Portraiture photography, which debuted on iPhone 7 Plus in 2016, saw a few pretty major and welcomed improvements in iOS 11 and is now officially out of beta.
Enabled by swiping to Portrait mode in the Camera app, the feature automatically creates the depth of field effect that keeps your subject sharp whilst blurring the background.
On iOS 10, you couldn’t remove this DSLR-style effect from photographs after taking them.
iOS 11 changes that in one fell swoop, letting you non-destructively remove the depth of field from your portrait photos at will, even after they were taken, here’s how.
This feature requires iOS 11 or later.
Taking Portrait mode photos is supported on iPhone models outfitted with a dual-lens camera, such as iPhone 7 Plus. Removing the depth effect is unsupported for portraits taken on devices running pre-iOS 11 editions.
In other words, you cannot remove the depth of field from Portrait mode photos taken before your dual-lens phone was upgraded to iOS 11.
That’s because the JPG file format doesn’t keep per-pixel depth information captured by your camera.
Thankfully, iOS 11 introduces a new camera format, called High Efficiency Image File Format (HEIF), that cuts the image size in half while embedding depth data and other information.
As a result, you can now remove the depth effect non-destructively in the Photos app.
Whilst you can quickly switch between the normal shot and its depth of field variant on iOS 10 by turning the Keep Normal Photo option on in camera settings, this doubles your storage consumption by saving two version of the image: one without the depth of field and the other with the depth effect applied in a destructive manner.
How to remove depth effect from Portrait mode photos
1) Launch the Photos app on your iOS device.
2) Tap an image you’d like to remove the depth effect from. If the photo was taken using the Camera app’s Portrait mode, you’ll see the label “DEPTH EFFECT” in the upper-left corner.
TIP: All portrait images are auto-saved in a special album—tap the Albums tab in the Photos app, then tap the Depth Effect album to browse them conveniently in one place.
3) Now tap the Edit button.
An image with the depth of field effect turned on, at left, and its non-depth variant, at right.
4) Lastly, tap the yellow Depth button to disable the depth effect.
Tap the button again to bring back the depth effect.
This feature should be especially indispensable for those times when what you thought would turn out to be a great-looking portrait ended up being ruined by the depth effect algorithm.
And that’s it, ladies and gents!
No longer are you forced to choose between keeping the normal and Portrait mode photo or just the Portrait mode one, thanks to iOS 11’s flexible HEIF image format that retains depth information and other data while saving up to fifty percent on storage.
Other Portrait mode improvements on iOS 11
iOS 11’s portraiture photography has seen a few other improvements as well.
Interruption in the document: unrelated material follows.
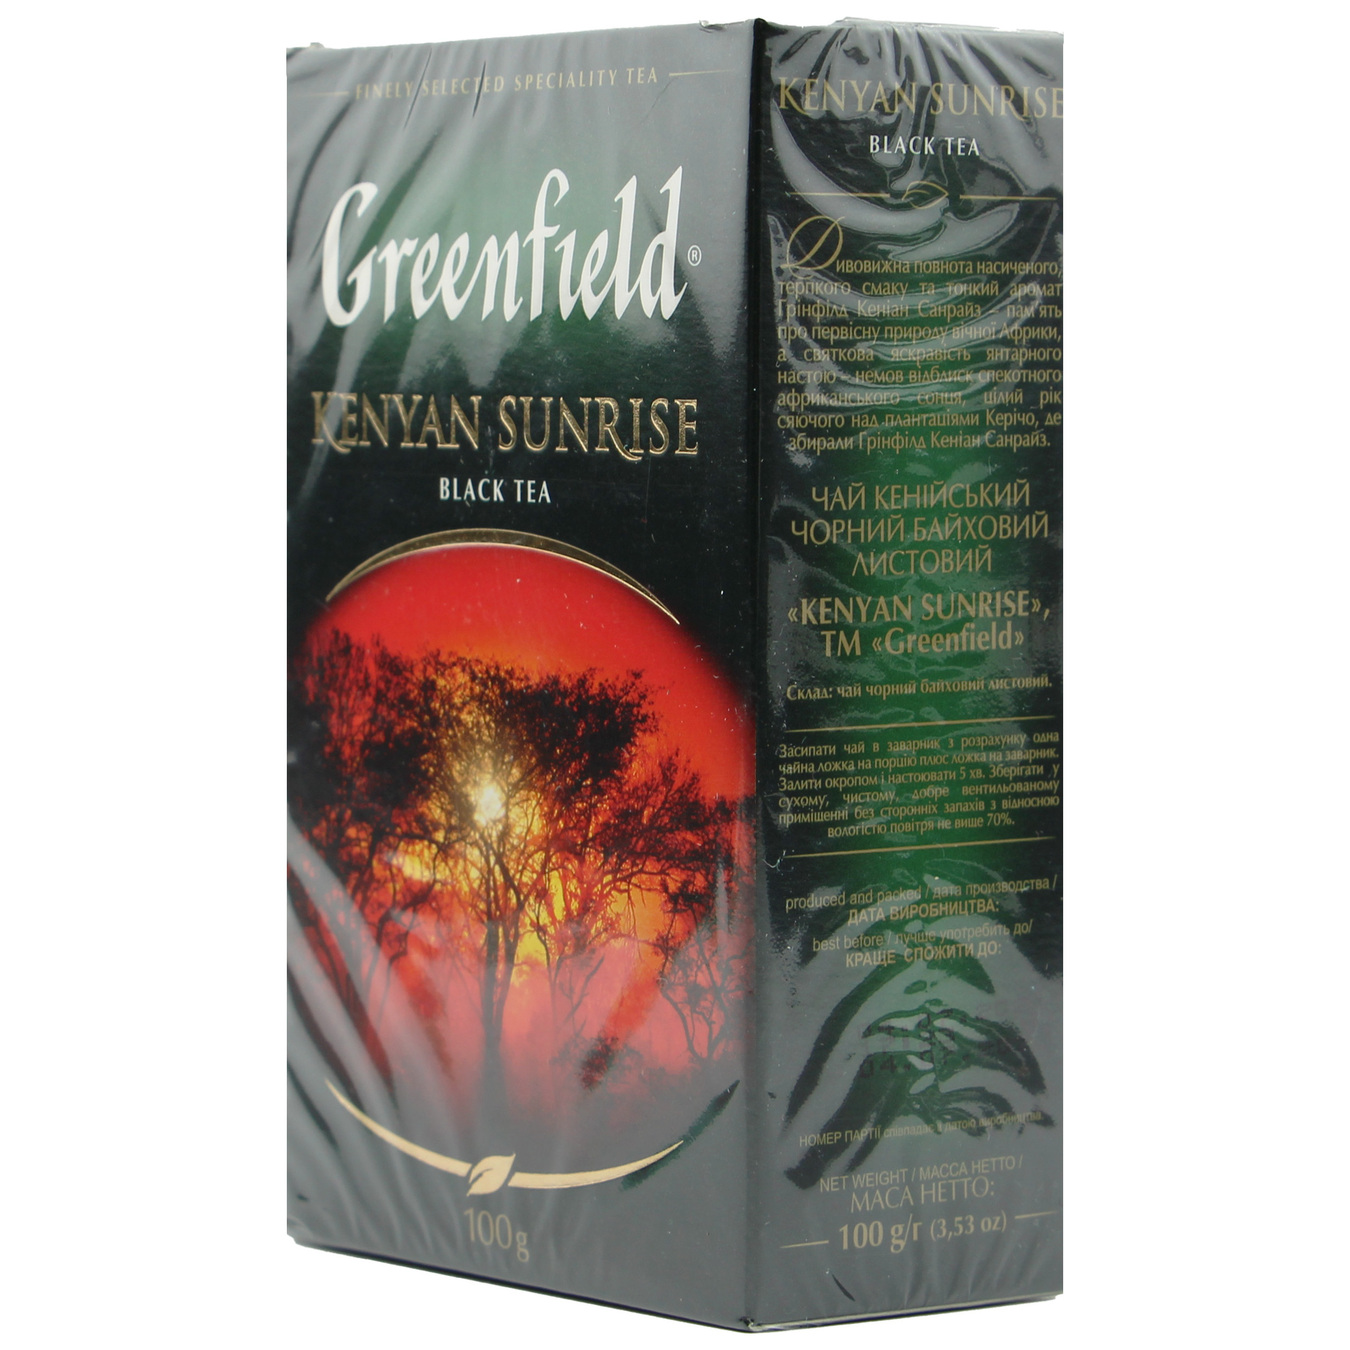 Greenfield Kenyan Sunrise black tea 100g 3

For instance, you can now take portraits with optical image stabilization for even sharper focus and use True Tone flash to capture depth of field images in low-light situations.
As a cool bonus, Portrait mode now supports high dynamic range (HDR) imaging, all of which results in even more professional-looking photos.
Best of all, Apple’s new Depth Map API allows developers to create custom depth filters.
This lets those who dislike Apple’s depth effect algorithm use third-party depth filters in the Photos app to process portraits and still preserve the original data. All of the aforesaid changes add up quickly to making your portrait shots more expressive, and impressive.